Like heavily indebted competitor Evergrande, any collapse of Country Garden would have catastrophic repercussions for the Chinese financial system and economy.
Adding to the pressure, 31 billion yuan ($4.27 billion) in the firm's bonds are set to mature in 2024, according to rating agency Moody's, which last Thursday downgraded its rating for the group to "Caa2", indicating "very high credit risk".
The group said in early August that it expected a net loss for the first half of this year totalling 45 billion to 55 billion yuan (about $6.2 billion to $7.6 billion).
"Due to the recent deterioration of sales and refinancing environment, the available funds in the book of the Company have been continuously reduced, resulting in a phased liquidity pressure," Country Garden said in an announcement at the Hong Kong Stock Exchange.
Housing reform in China during the late 1990s unleashed a boom in the real estate sector, spurred by social norms that consider owning a property a prerequisite for marriage.
But the massive debt accrued by the industry's biggest players has in recent years been perceived by Beijing as an unacceptable risk for the country's financial system and overall economic health.

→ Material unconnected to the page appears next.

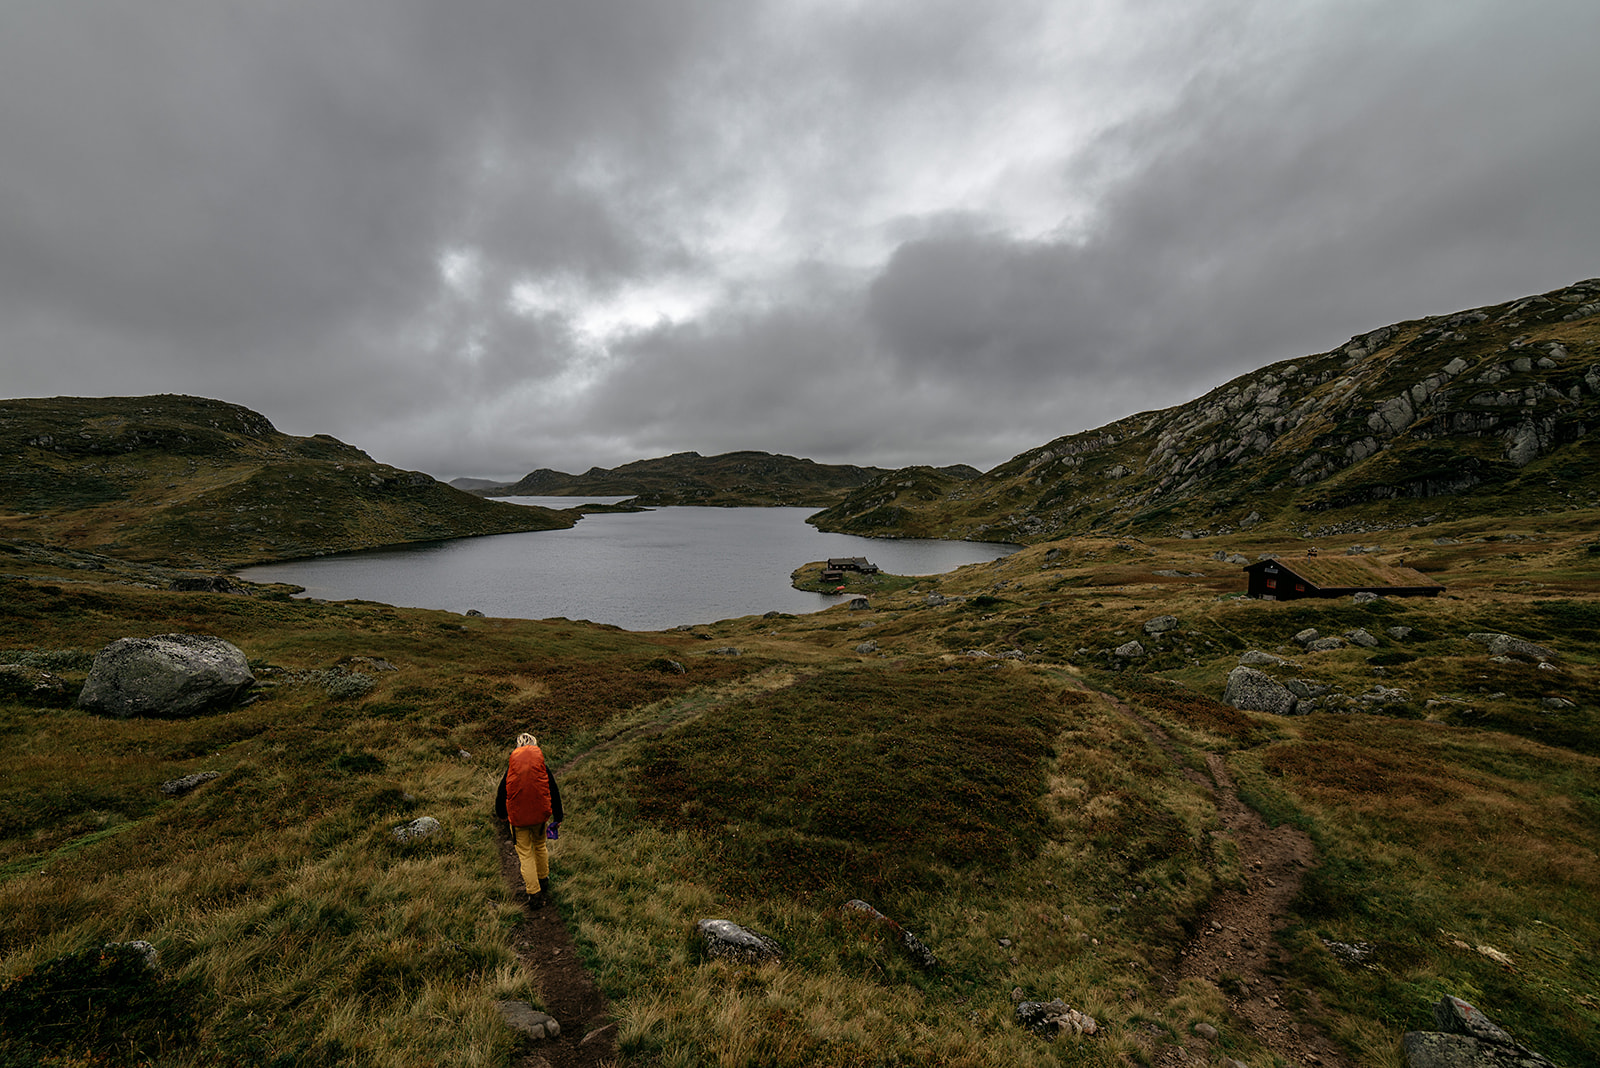 Hiker approaching small cabin at a mountain lake

To reduce the sector's indebtedness, authorities have since 2020 gradually tightened conditions for developers' access to credit, drying up sources of financing for firms already in debt.
A wave of defaults followed -- notably that of Evergrande -- undermining the confidence of potential buyers and reverberating throughout the industry.
The collapse of the once-thriving sector occurs against a backdrop of general economic slowdown in China.
Country Garden is particularly susceptible to weak demand because it focuses on the lower end of the property market, launching ambitious projects in secondary cities where local buyers wield less purchasing power.